NIMS proposed a new direction for resource use which he calls "recycling of artificial ores" at the session on "Resource and Environmental Policy" at the 2008 Spring Meeting of the Mining and Materials Processing Institute of Japan (MMIJ) held at the Institute of Industrial Science of the University of Tokyo on March 27.

Abstract

  1. Dr. Kohmei Harada, Managing Director of the Innovative Materials Engineering Laboratory and Managing Director of the Strategic Use of Elements, Interdisciplinary Cluster at the National Institute for Materials Science (hereinafter, NIMS; President: Teruo Kishi) proposed a new direction for resource use which he calls "recycling of artificial ores" at the session on "Resource and Environmental Policy" at the 2008 Spring Meeting of the Mining and Materials Processing Institute of Japan (MMIJ) held at the Institute of Industrial Science of the University of Tokyo on March 27. The proposal was presented jointly in the names of Dr.
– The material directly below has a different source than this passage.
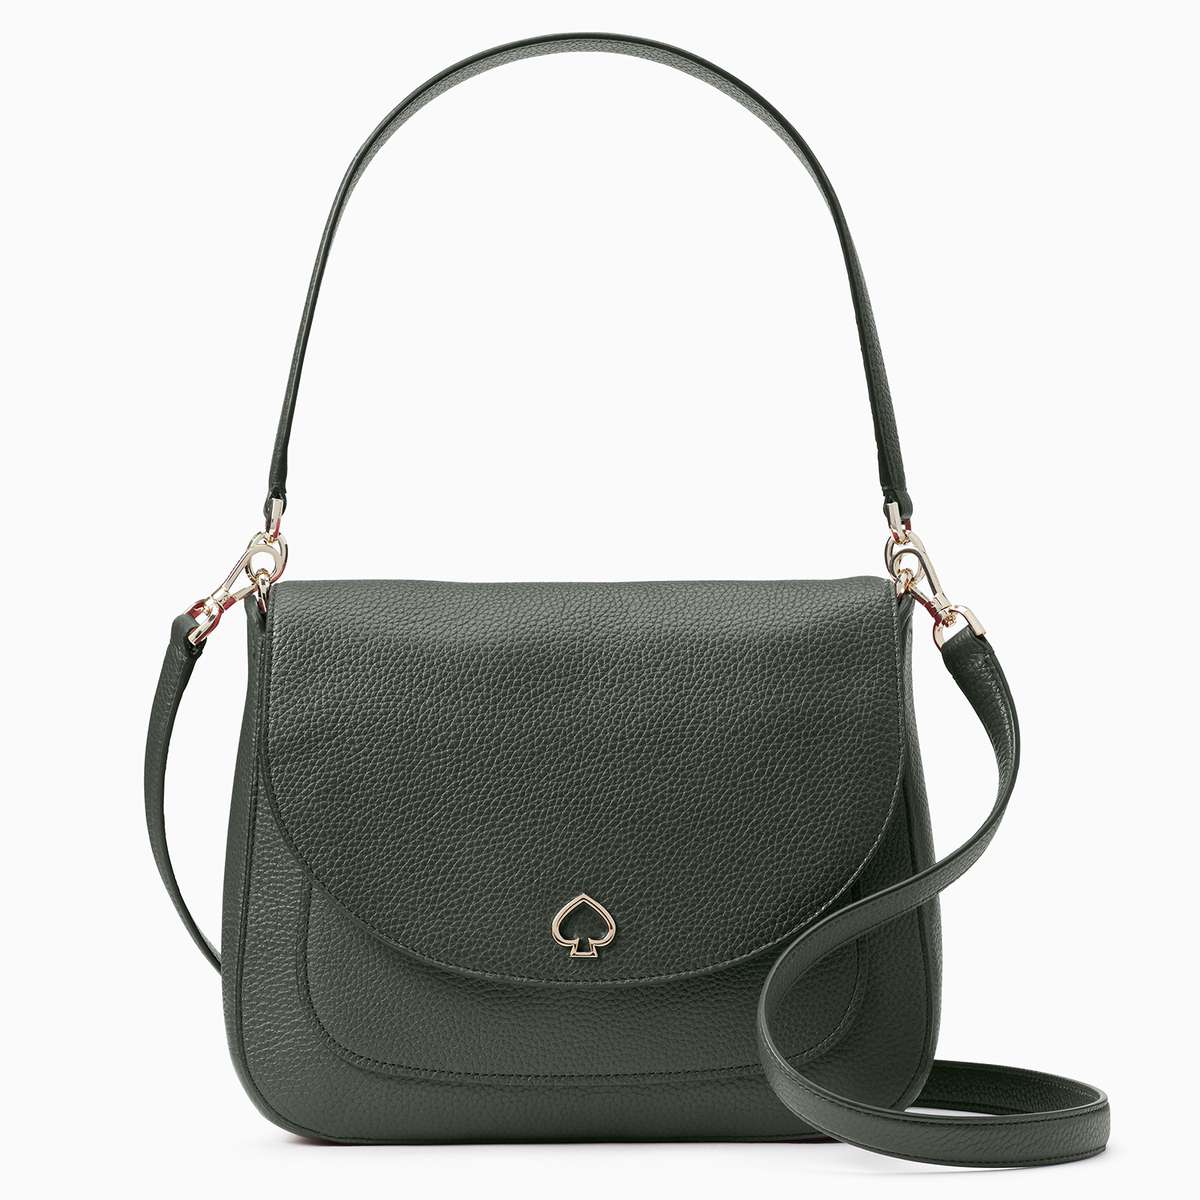 Dark green leather purse

Harada and Dr. Mikio Kobayashi, Deputy Director of the Research Institute for Environmental Management Technology, National Institute of Advanced Industrial Science and Technology.
  2. The term "urban mines" refers to the valuable metals contained in discarded products. Japan possesses large reserves of these resources. In attempting to realize effective utilization of Japan’s urban mines, the efforts of RtoS Research Committee, which was established in the Institute of Multidisciplinary Research for Advanced Materials, Tohoku University in March 2006, and others have been based largely on social systems and economic problems. Dr. Harada’s "artificial ore recycling" is considered to show the possibility of solving one technical problem.
  3. To date, "artificial ore recycling," or to coin an expression, "urban concentrates," has been understood exclusively in terms of "recovery" "extraction." Conventionally, the focus of attention has tended to be on added value in the extraction process. However, the aim of urban concentrates is to supply recycled resources which are more easily extracted, and thus have higher added value, by applying technology in the intermediate stage, that is, by actively introducing a process of "enrichment" in the recycling process. In the mining of natural ores, low purity “crude ore” is normally processed to a higher concentration at the mine head. This product is called "concentrates." The above-mentioned concept of urban concentrates focuses on a process corresponding to the production of enriched "concentrates," which had been lacking in conventional recycling of urban mines.
  4. In urban concentrates, the valuable metals contained in discarded products are not extracted directly. Rather, the concentration of the object valuable metal, such as gold, rare metals, etc. is first increased by reducing the contents of other admixed materials which would hinder extraction and refining, and the resulting product (corresponding to the concentrates in conventional mining) is used as raw material in the downstream extraction and refining processes. This greatly reduces the load on refining furnaces and other equipment in the extraction and refining processes, and thus can lowers one technical barrier to recycling.
  5. The technology which is the key to urban concentrates is "enrichment." For this, sorting technologies which focus on the properties of the metal components are necessary. These technologies may be a combination of decomposition, pulverizing, and the like. Examples include a selective crushing and fine particle separation technologies developed by AIST, and the pinpoint separation technology developed by NIMS. Considering long-term efficiency, it is also important to grapple with design-for-disassembly materials in the products themselves. In this connection, dismantlable joining and other technologies being researched at NIMS are expected to make an important contribution.
  6. In addition to the above-mentioned presentation at the 2008 Spring Meeting of the MMIJ, a related presentation on the "Development of a Materials Strategy Model Considering Resources and the Environment" was made in a symposium at the 2008 Spring Meeting of the Iron and Steel Institute of Japan to be held at Musashi Institute of Technology March 26-28.